Santana Lisgelia, Lovejoy John F, Kiebzak Gary, Day Jason, Atanda Alfred, Mandel David
Anesthesiology and Pain Management, Nemours Children's Hospital, Orlando, USA.
Orthopedics and Sports Medicine, Nemours Children's Hospital, Orlando, USA.
Cureus. 2019 Aug 27;11(8):e5498. doi: 10.7759/cureus.5498.
Introduction Assessment and management of postoperative pain in the pediatric population after anterior cruciate ligament (ACL) surgery can be challenging; the optimal approach to pain control remains controversial. Recent studies show that use of intraoperative nerve blocks may reduce the need for opioids to control pain in the postoperative period. However, it is unclear which block type is most beneficial in the pediatric outpatient setting. This study compared effectiveness of pain control among three different pain management strategies. Methods We retrospectively reviewed charts of patients aged 12-17 years who received an elective ACL reconstruction between 2013 and 2017. The three groups were femoral nerve block, combined femoral and sciatic block, and intraarticular injection of bupivacaine (n = 50 per group). The primary variable was postoperative pain scores (visual analog scale 1-10) in the postanesthesia care unit (PACU). Results Less than 50% of patients in the combined nerve block group had opioids intraoperatively or in the PACU compared with nearly 100% of patients in the other two groups (p < 0.0001). Also, for patients receiving opioids, the total intraoperative morphine equivalents and PACU pain scores (all patients) were significantly less in the combined block group (p < 0.001). For patients receiving opioids in the PACU, the total morphine equivalents were significantly higher in the intraarticular injection group compared with the nerve block groups (p < 0.0001). Conclusion Patients in the combined femoral and sciatic nerve block group had significantly better pain scores in the PACU with less cumulative morphine equivalent consumption compared with the femoral nerve block group and the intraarticular injection group.

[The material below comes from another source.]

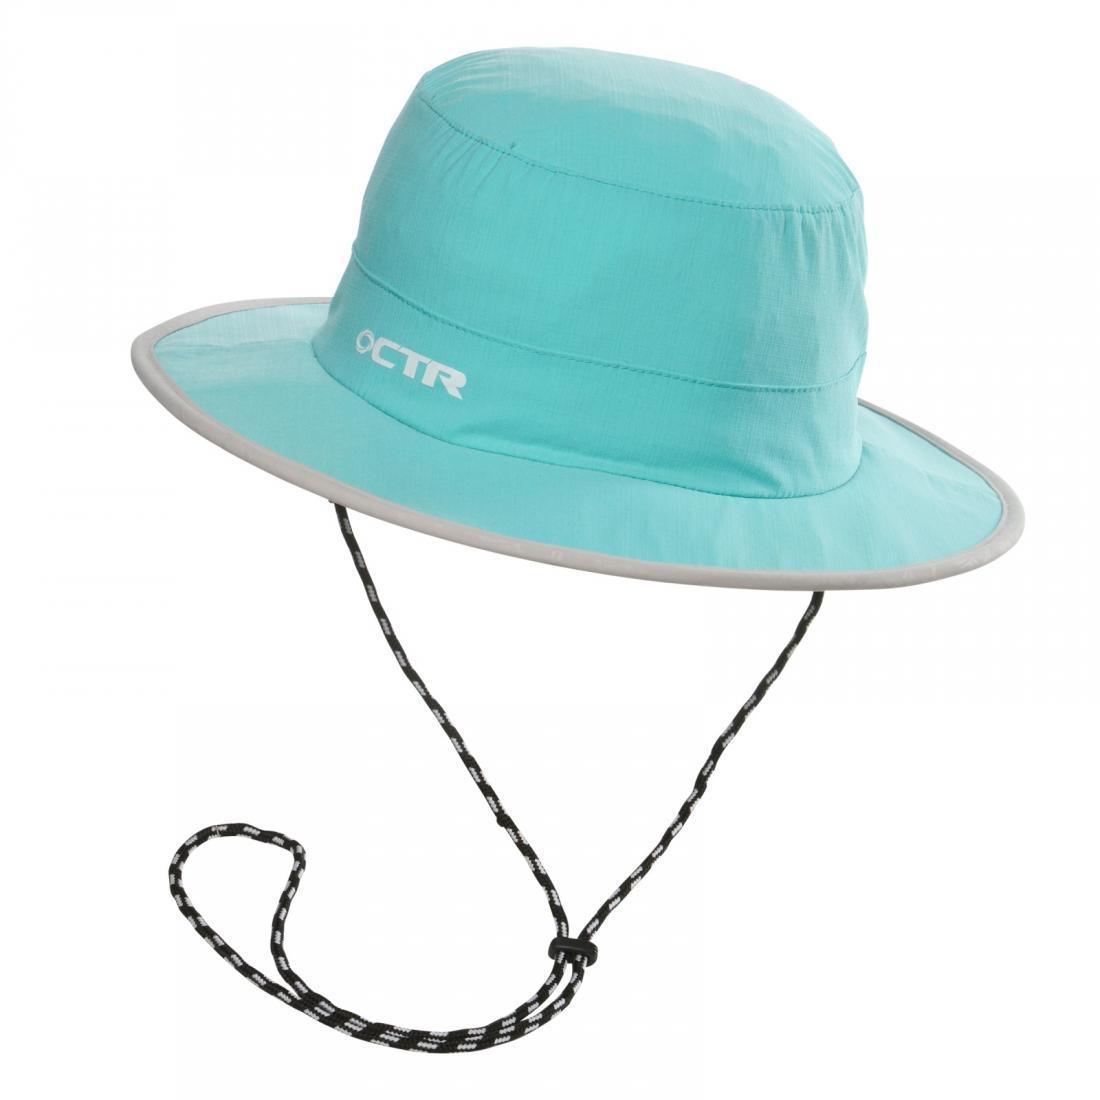 Панама Chaos  Summit Day Hat (женс)Панамы<br><br> Chaos Summit Day Hat — это оригинальная женская панама для яркого отдыха. Она привлекает внимание необычным дизайном, цветовым решением и формой полей. Эта модель идеально подходит для пляжного отдыха или длительных прогулок в ясную жаркую погоду.<br>...<br><br>Цвет: Голубой<br>Размер: S-M

引言 小儿前交叉韧带(ACL)手术后疼痛的评估与管理具有挑战性;疼痛控制的最佳方法仍存在争议。最近的研究表明,术中使用神经阻滞可能会减少术后控制疼痛所需的阿片类药物用量。然而,在小儿门诊环境中哪种阻滞类型最有益尚不清楚。本研究比较了三种不同疼痛管理策略在疼痛控制方面的效果。

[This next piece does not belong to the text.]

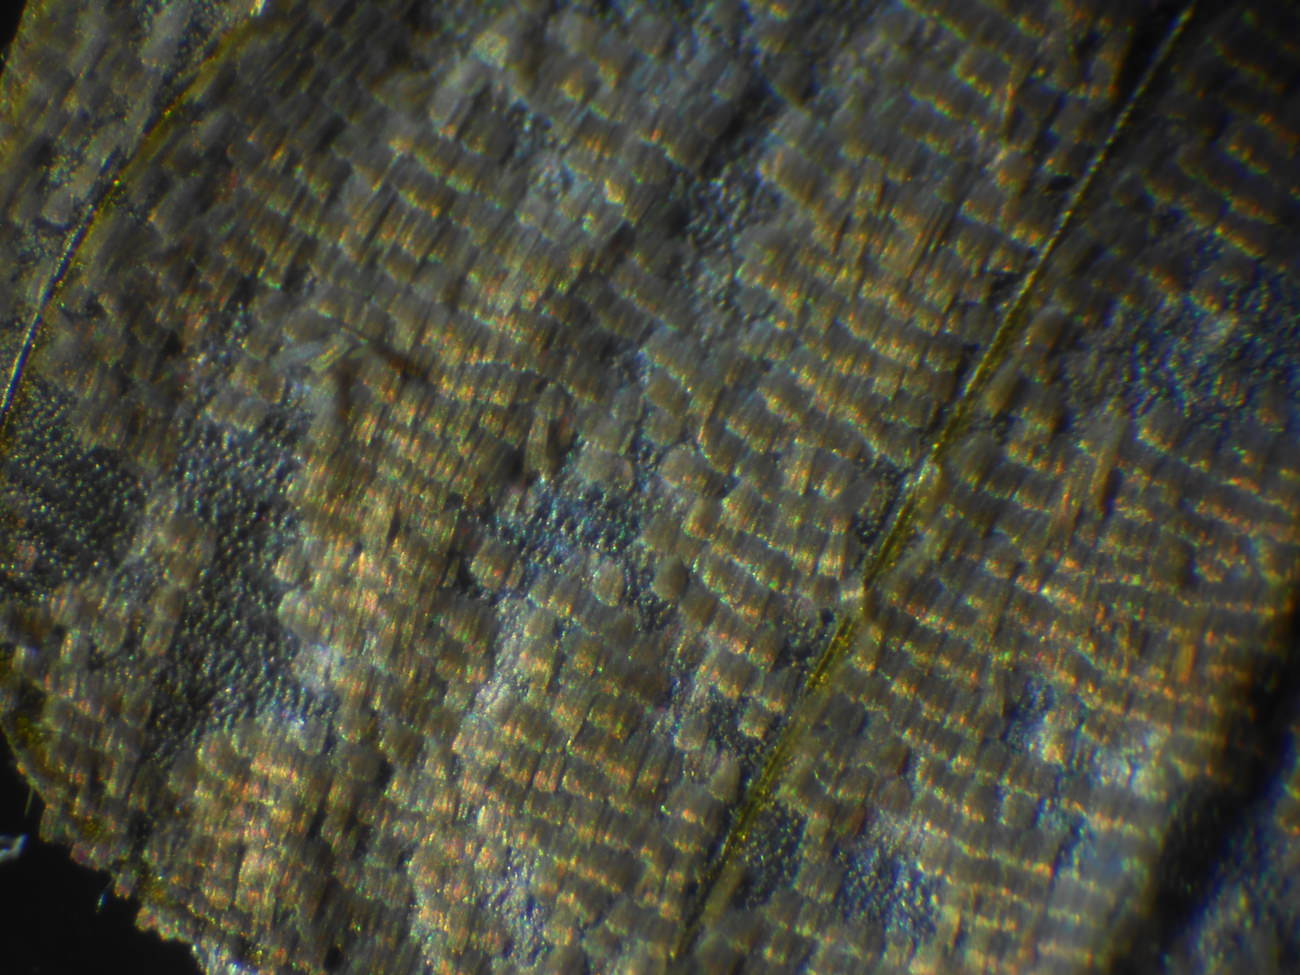 蝶のりん粉のミクロ観察顕微鏡写真

方法 我们回顾性分析了2013年至2017年间接受择期ACL重建手术的12至17岁患者的病历。三组分别为股神经阻滞、股神经和坐骨神经联合阻滞以及关节腔内注射布比卡因(每组n = 50)。主要变量是麻醉后护理单元(PACU)中的术后疼痛评分(视觉模拟量表1 - 10)。
结果 与其他两组近100%的患者相比,联合神经阻滞组术中或在PACU使用阿片类药物的患者不到50%(p < 0.0001)。此外,对于使用阿片类药物的患者,联合阻滞组术中吗啡当量总量和PACU疼痛评分(所有患者)显著更低(p < 0.001)。对于在PACU使用阿片类药物的患者,关节腔内注射组的吗啡当量总量显著高于神经阻滞组(p < 0.0001)。
结论 与股神经阻滞组和关节腔内注射组相比,股神经和坐骨神经联合阻滞组患者在PACU的疼痛评分显著更好,累积吗啡当量消耗量更少。